The Pathogenic ADAMTSL2 D167N Variant Causes Geleophysic Dysplasia–Like Connective Tissue Changes in Mice

Geleophysic dysplasia (GD) is caused by recessive mutations in ADAMTSL2 (a disintegrin and metalloprotease with thrombospondin type I motifs-2; GD1), or dominant mutations in FBN1 (GD2) or LTBP3 (GD3). GD is characterized by severe short stature and other skeletal abnormalities, characteristic facial features, thick skin, and hypermuscular build.

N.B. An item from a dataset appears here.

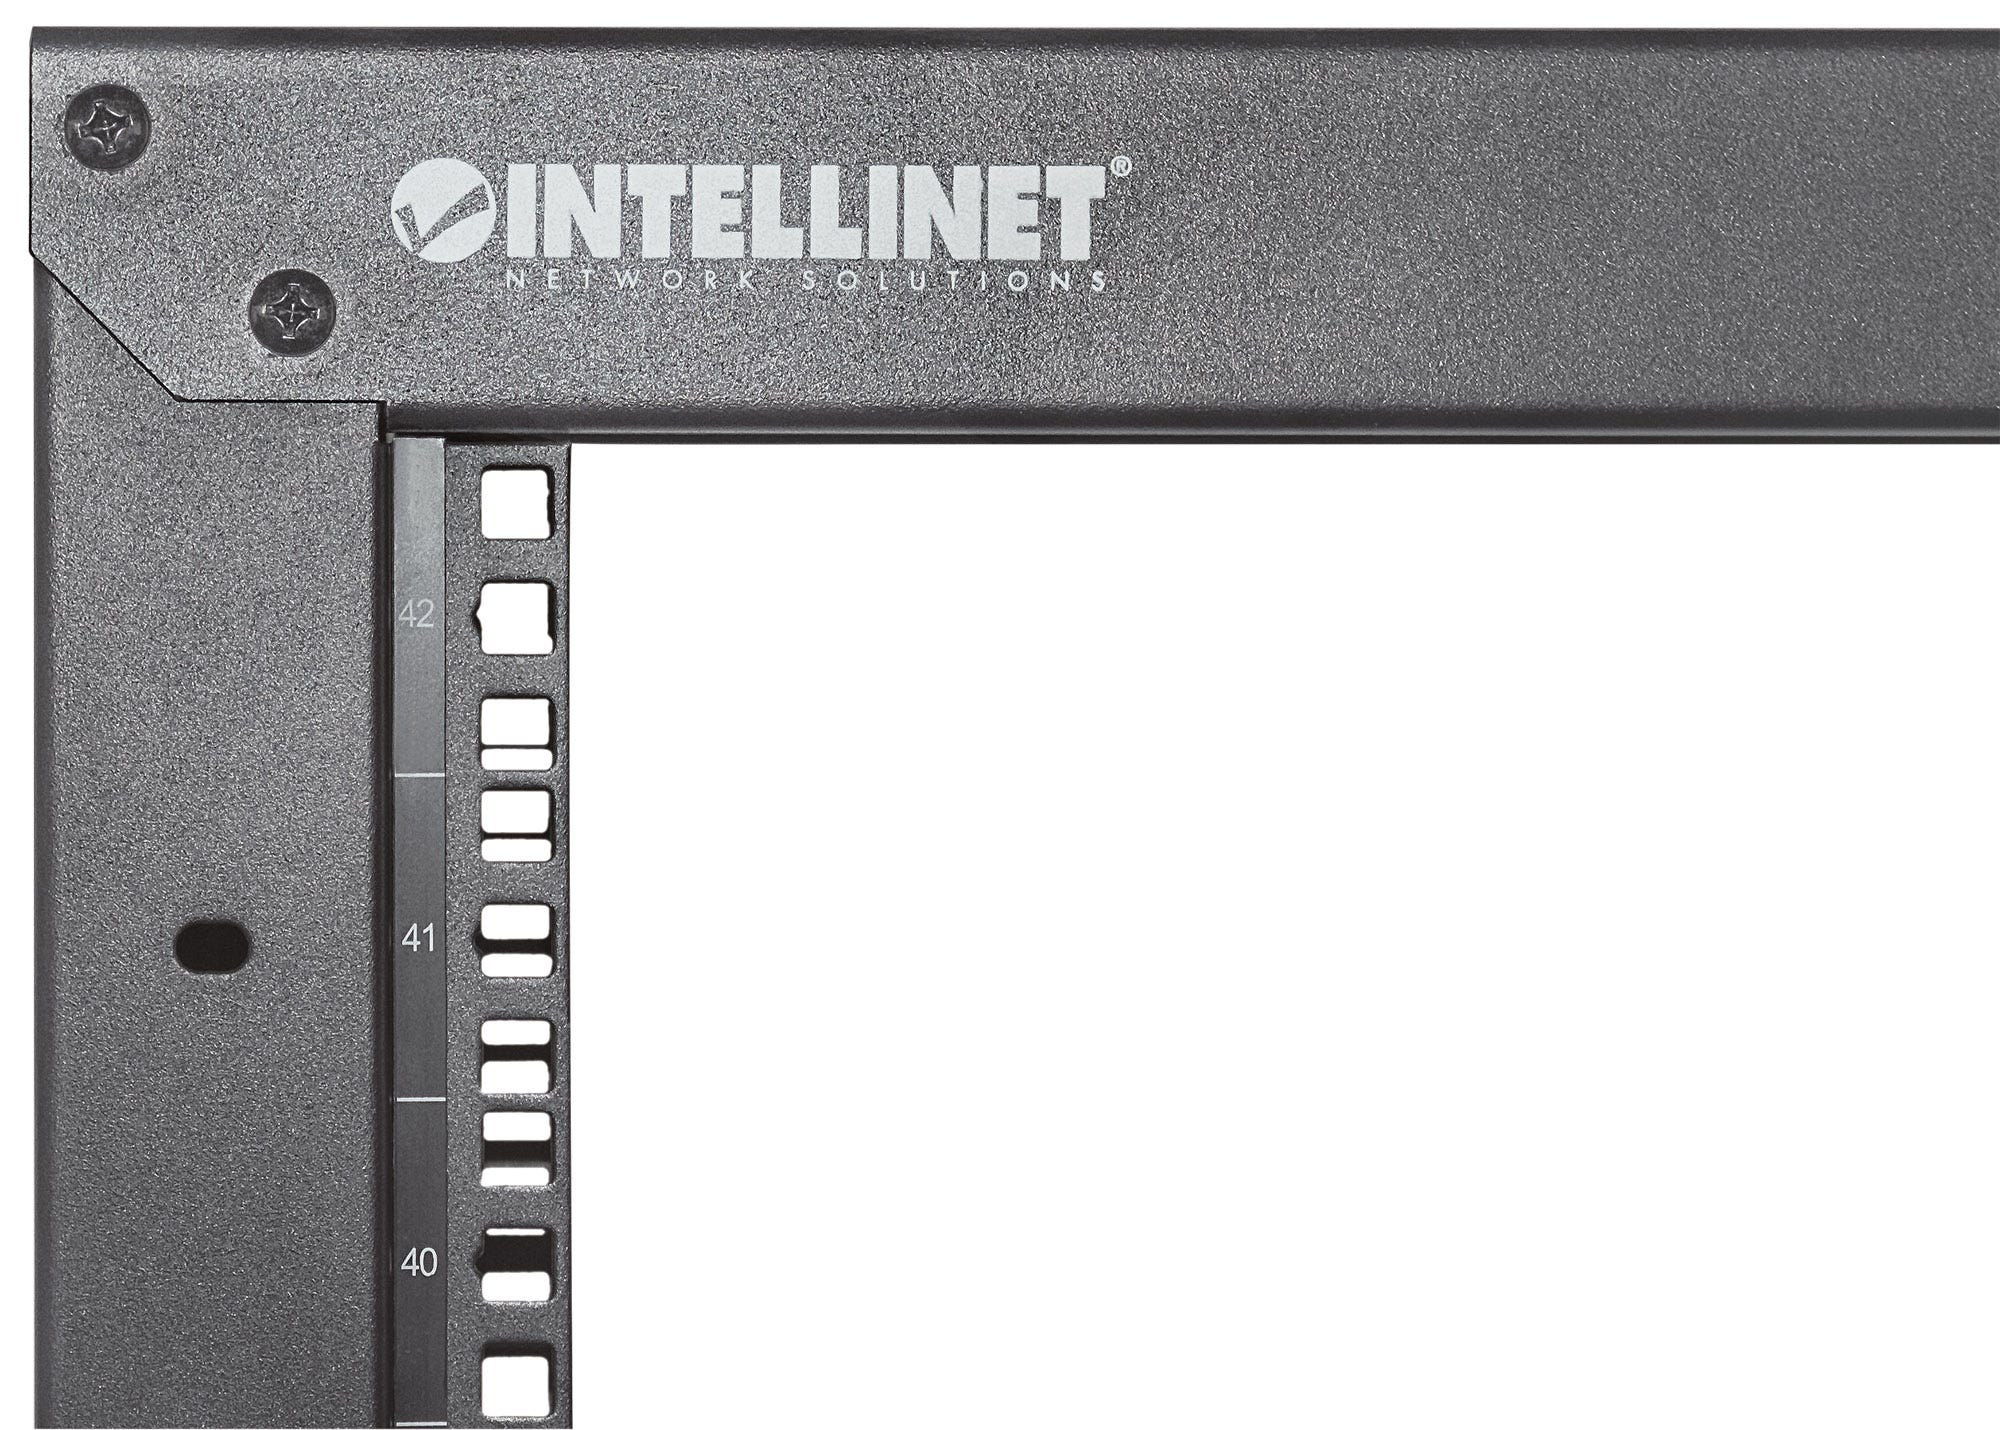 Intellinet 19" 2-Pfosten Laborgestell, 42 HE, Flatpack, schwarz - Schrank - offener Rahmen - 2 Pfosten - Schwarz, RAL 9005 - 42HE - 48.3 cm (19")
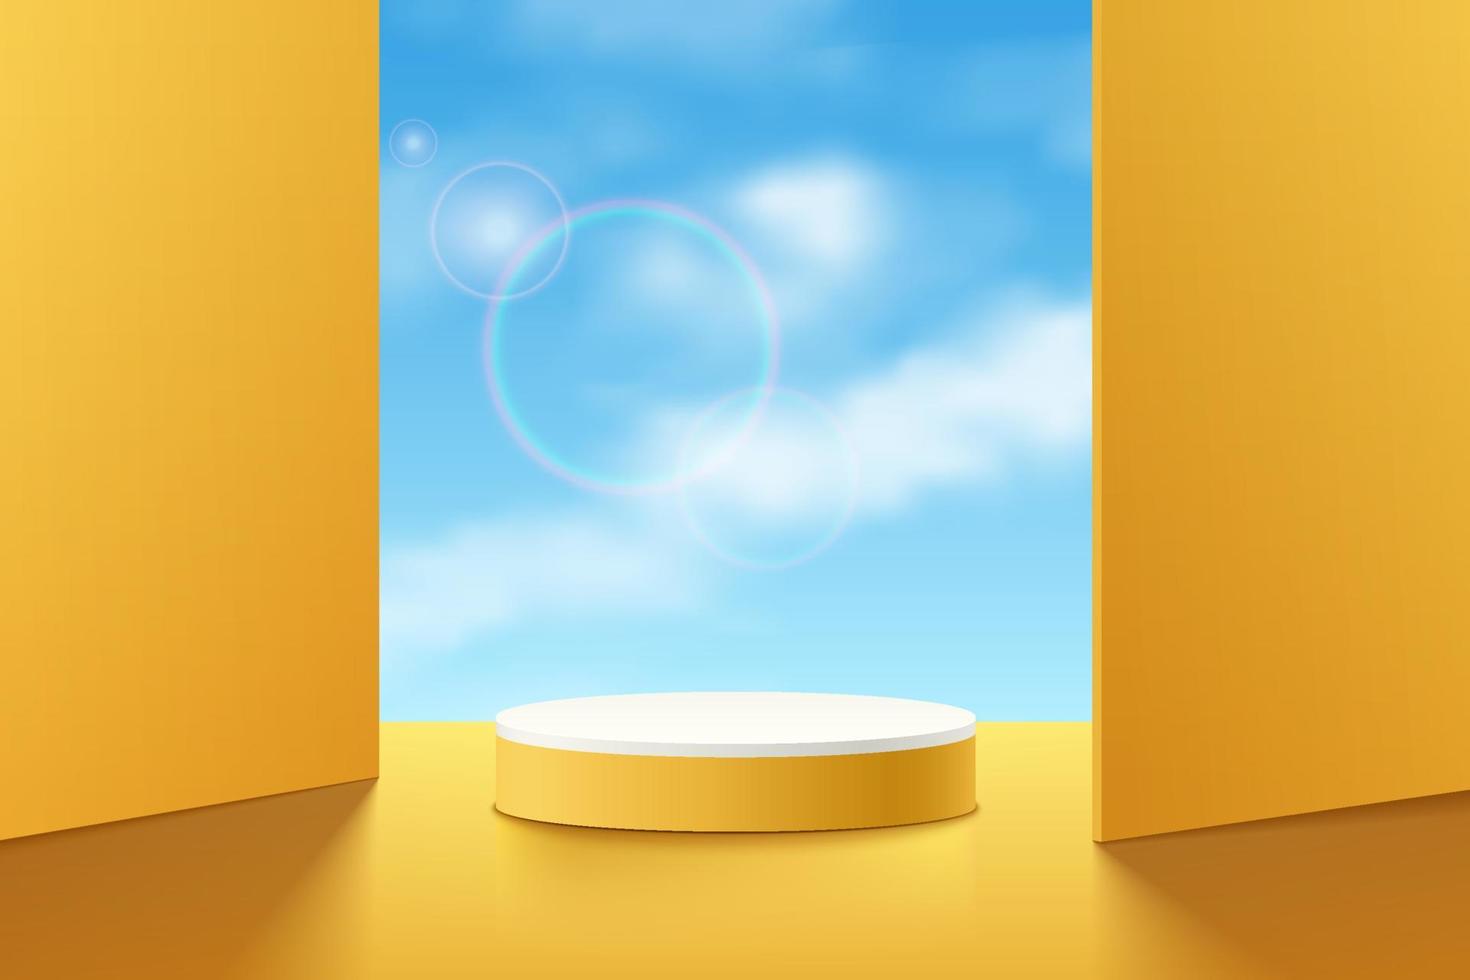 realistische gele 3d cilinder sokkel podium met wolken blauwe lucht in vierkanten achtergrond. minimale scène voor productenshowcase, promotievertoning. vector abstracte studio kamer geometrische platform ontwerp.

Life-threatening complications can arise from progressive heart valve disease and narrowing of the large airways, resulting in approximately 33% mortality before the age of 5 years. Despite high childhood mortality and significant morbidity, no disease-modifying treatments exist for GD. To model disease progression and enable efficacy testing of mechanism-based therapeutic approaches, a mouse model for severe GD1 was generated by introducing the patient-specific ADAMTSL2 c.499G>A (p.D167N) mutation into the mouse Adamtsl2 locus. Homozygous Adamtsl2^D167N/D167N (D167N) mice had reduced postnatal survival and developed short stature. Radiographs demonstrated significantly shortened hind limb and forelimb bones with delayed mineralization and abnormally shaped vertebrae. Histologic investigation revealed a shortened growth plate, suggesting abnormalities in chondrogenesis. Cardiac histomorphometry revealed dysplastic aortic heart valves, consistent with progressive heart valve disease observed in patients with GD1. In the lungs, bronchial obstruction was observed, as previously reported for global Adamtsl2 knockout mice, likely resulting in occlusion of the affected airways. Thus, the ADAMTSL2 D167N mouse model recapitulates key clinical manifestations of patients with GD1.